Dogrun
Page 18
“Trust me.”
I could still hear the printer laughing at me from the next room. It came down to a single question: Was I going to let him see my tits in exchange for getting my stories in a ridiculous contest? I would have said no if it was really a matter of choice. I had to submit. Besides, Tattoo Man was not a lech. I knew he was interested in me, but I sensed his altruism, and if he was hiding some incidental horniness, good for him. I grabbed a towel from the bathroom, laid it on the floor, pulled down my slip, baring my breasts, and quickly lay facedown on a towel. He rubbed his hands together, presumably heating them up.
He massaged my lower back, which didn’t feel so bad. Yet with each hand press I couldn’t stop thinking how pathetic I was, compromising myself for this tawdry collection of stories. Slowly I started boiling, until I finally decided, enough!
Jumping up, I pulled my slip back up over my shoulders.
“Great,” I said miraculously. Even though the slow-mo printer was still p-r-i-n-t-i-n-g, I didn’t care any longer. When I checked, I discovered that it was spewing out blank pages. The book had finished printing at least ten minutes ago. I probably didn’t even need to take off my slip. In self-disgust, I shoved the pages into a large envelope and brought it out to Howard.
“Thanks so much for fixing my back,” I said to him robotically.

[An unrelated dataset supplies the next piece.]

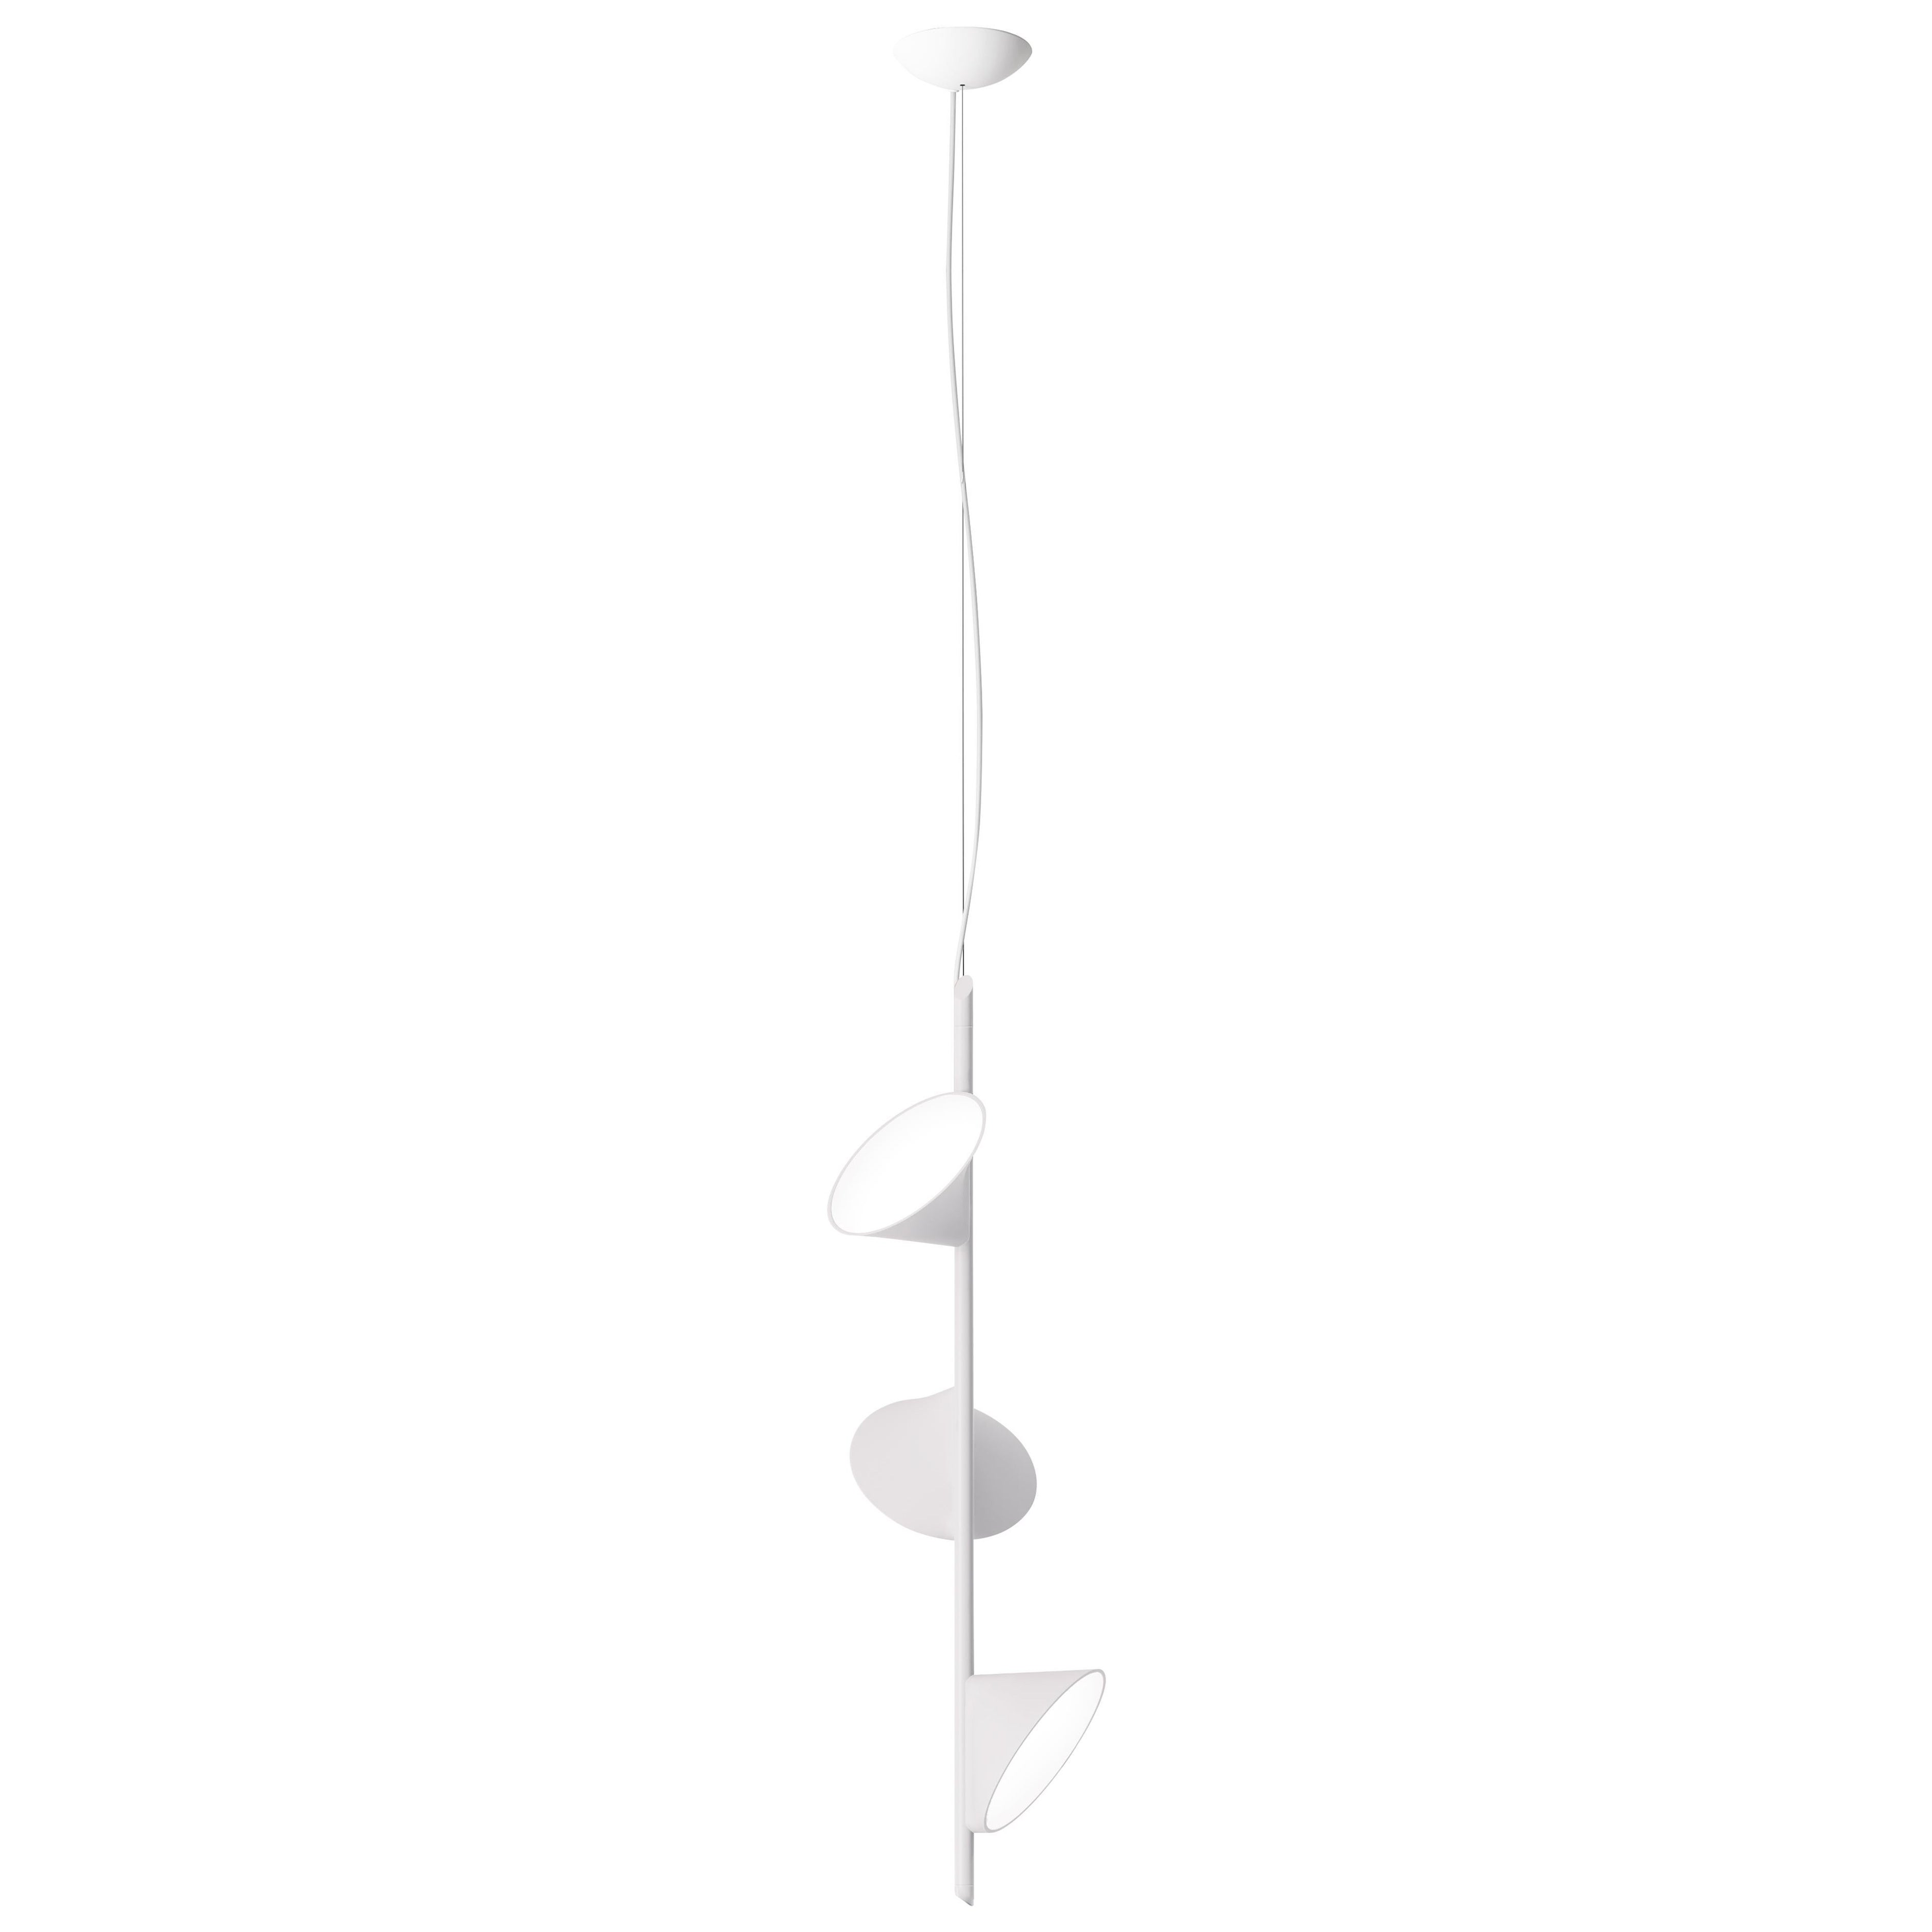 Axolight Orchid 3 Light Pendant Lamp with Aluminum Body in White byRainer Mutsch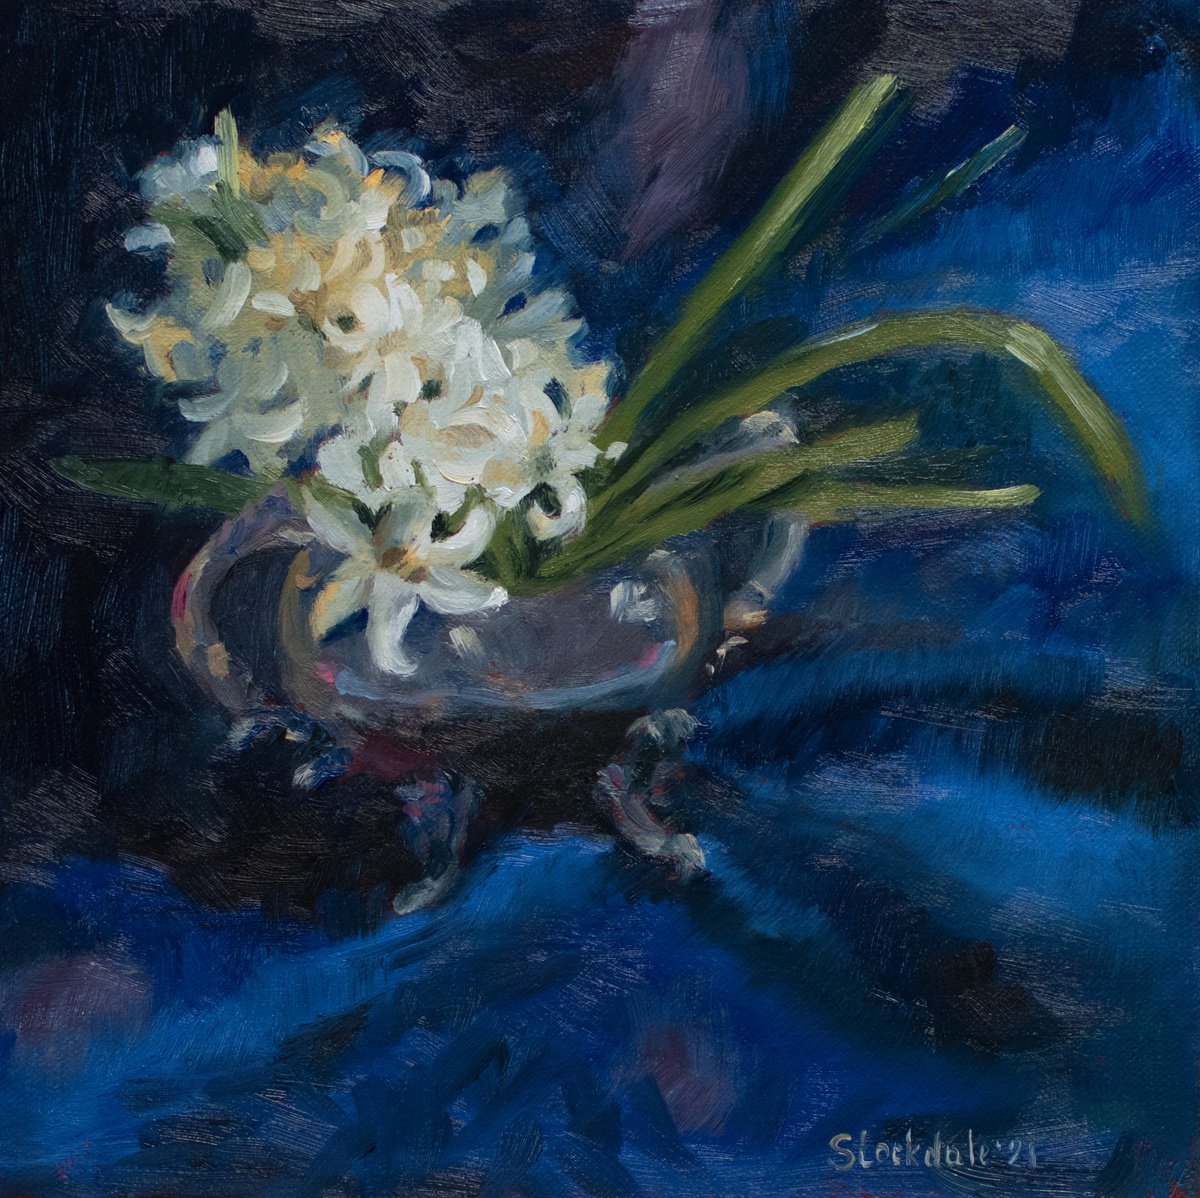 Hyacinth in a metall vase by Maria Stockdale

“I can stay longer,” he volunteered kindly.
“You have an appointment, and I have to run to my gynecologist.”
“I understand.” He pulled his shoes on and took the manuscript. Before walking out the door, he turned and politely said, “You’ve got a great body.”
I assured him that I knew, thanked him, closed the door, and collapsed into a short but troubled sleep. After an hour, Sue called and asked where the hell was I.
“Aren’t we meeting at seven?” I asked groggily.
“I said we’re all supposed to be at my house at six-thirty. We’re supposed to load in before the first band plays at seven-thirty.”
I told her I was on my way.
She asked me what I was planning on wearing. Clothes, I replied.
“What clothes?”
Without going into detail, I assured her they would be sexy, but not tasteless.
“I’d prefer if they were tasteless,” she said and explained that she had hired a woman named Pearl who had a van and was supposed to move our instruments to the club. She had arrived earlier and, seeing no one else was there, had driven off to dinner but was coming back at seven-thirty. I washed up, took doggie out, grabbed a spring roll at the Vietnamese dive, and dashed over to Sue’s place on Twelfth between First and Second Avenues. To my delight and astonishment, I arrived just as Marilyn was walking up with Norma in tow. I rang Sue’s bell.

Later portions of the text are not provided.